Around the campfire we talk about my trip, until I cannot avoid the bad news any longer. When Mark hears that we cannot operate the plane in the park until we have a proper strip, he is upset; but we vow to work even harder to get the strip completed before the rains. Meanwhile, we just won't fly.
The next morning Mark drives the Cruiser and trailer, loaded with building materials, from our little camp to the Marula-Puku site. He, Simbeye, and the other men begin building the mud-wattle hut that will be our shelter in the rains. Our new workers are young tribesmen in their early twenties, dressed in ragged Western clothes but without shoes. They have never held a job except for helping their fathers tend the tiny maize and groundnut patches on their subsistence farms. The only tools they know how to use are axes, hoes, and shovels. But while they have had no more than five years of schooling, they are eager to learn. Of the five new men Sunday Justice, Chanda Mwamba, and Mutale Kasokola in particular radiate good humor and an uncommon willingness to work hard, as does Simbeye. Today I had said, "Good morning, guys," and they had laughingly repeated the word "guys" over and over. The name stuck and they call each other "guys" to this day.
Sunday Justice, bright-eyed, short, and chubby, stays with me to unpack the supplies. We store beans in a large can, tissue and soap in a large blue trunk, and sort through the other groceries. As we work, I explain to him that we hope to save the park by making it benefit the local people; we may even hire some of the poachers to work with us.
"That is a very good idea, Madam. You should go to Mwamfushi Village, where there are many poachers."
"Tell me, Sunday, can we
fly to that village?"
"Oh no, Madam, that village is very much on the ground." I smile behind his back for a long moment.
All morning I have noticed Sunday stealing glances at the plane, parked in its thorn boma.
"You like the airplane, don't you, Sunday?"
"Yes, Madam. I myself always wanted to talk to someone who has flown up in the sky with a plane."
"Well, you can talk to me," I say, as I pour salt into a jar.
"I myself always wanted to know, Madam, if you fly at night, do you go close to the stars?"
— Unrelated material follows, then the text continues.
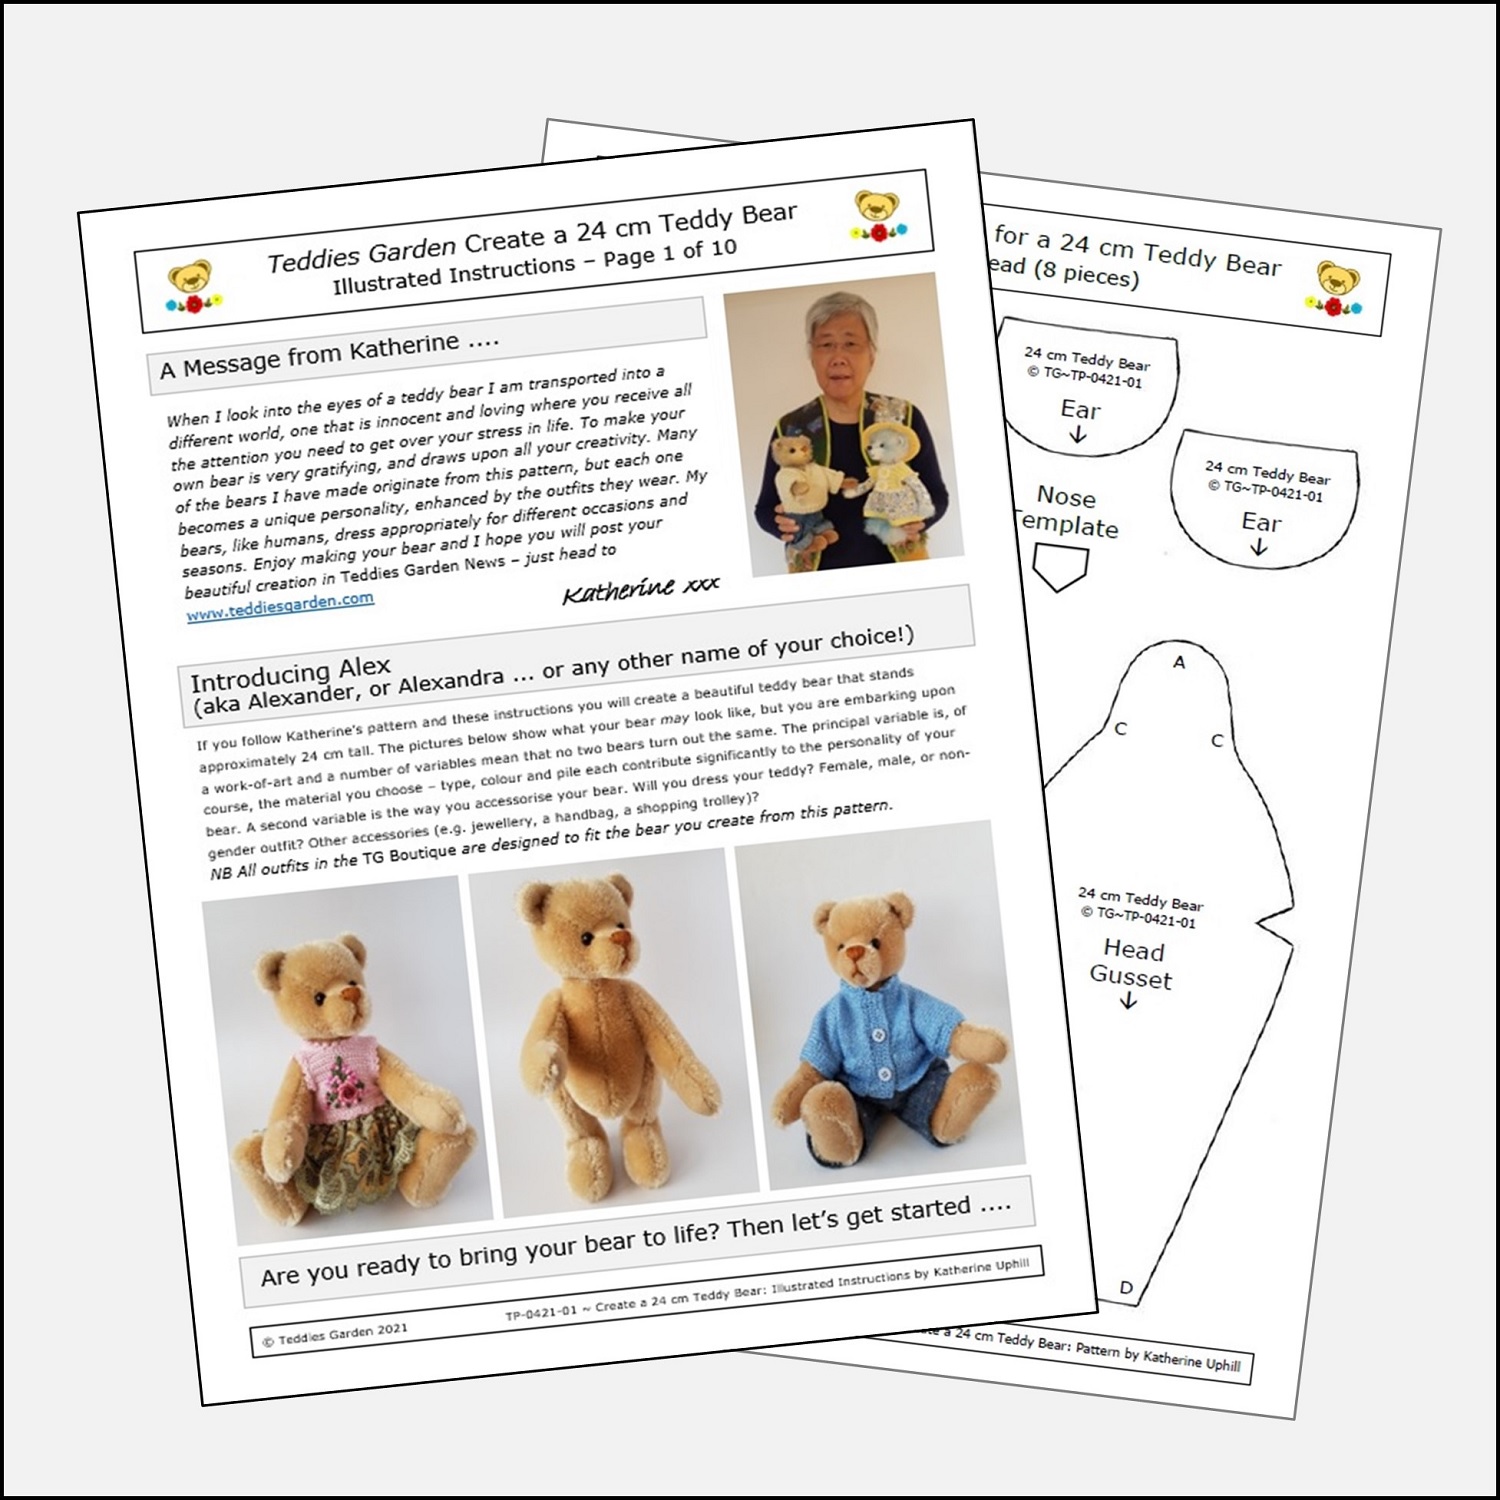 Pattern and Instructions for 'Create a 24 cm Teddy Bear' - Teddies Garden

I explain that on earth we are so far from the stars that being up a few thousand feet does not make any difference in how close they look. But I don't know if he understands, so I end by saying, "When you fly at night, you feel closer to the stars."
When we have finished unpacking and organizing camp, I show him our few kitchen utensils and try to discover how much he actually knows about cooking. He can bake bread, but only in an oven, he tells me. It seems that I will have to teach this African how to cook in a traditional black pot. In our wooden bowl I mix the ingredients for cornbread—omitting eggs and butter, of course, because there aren't any—and show him how I bake it in the pot, putting hot coals on top and underneath.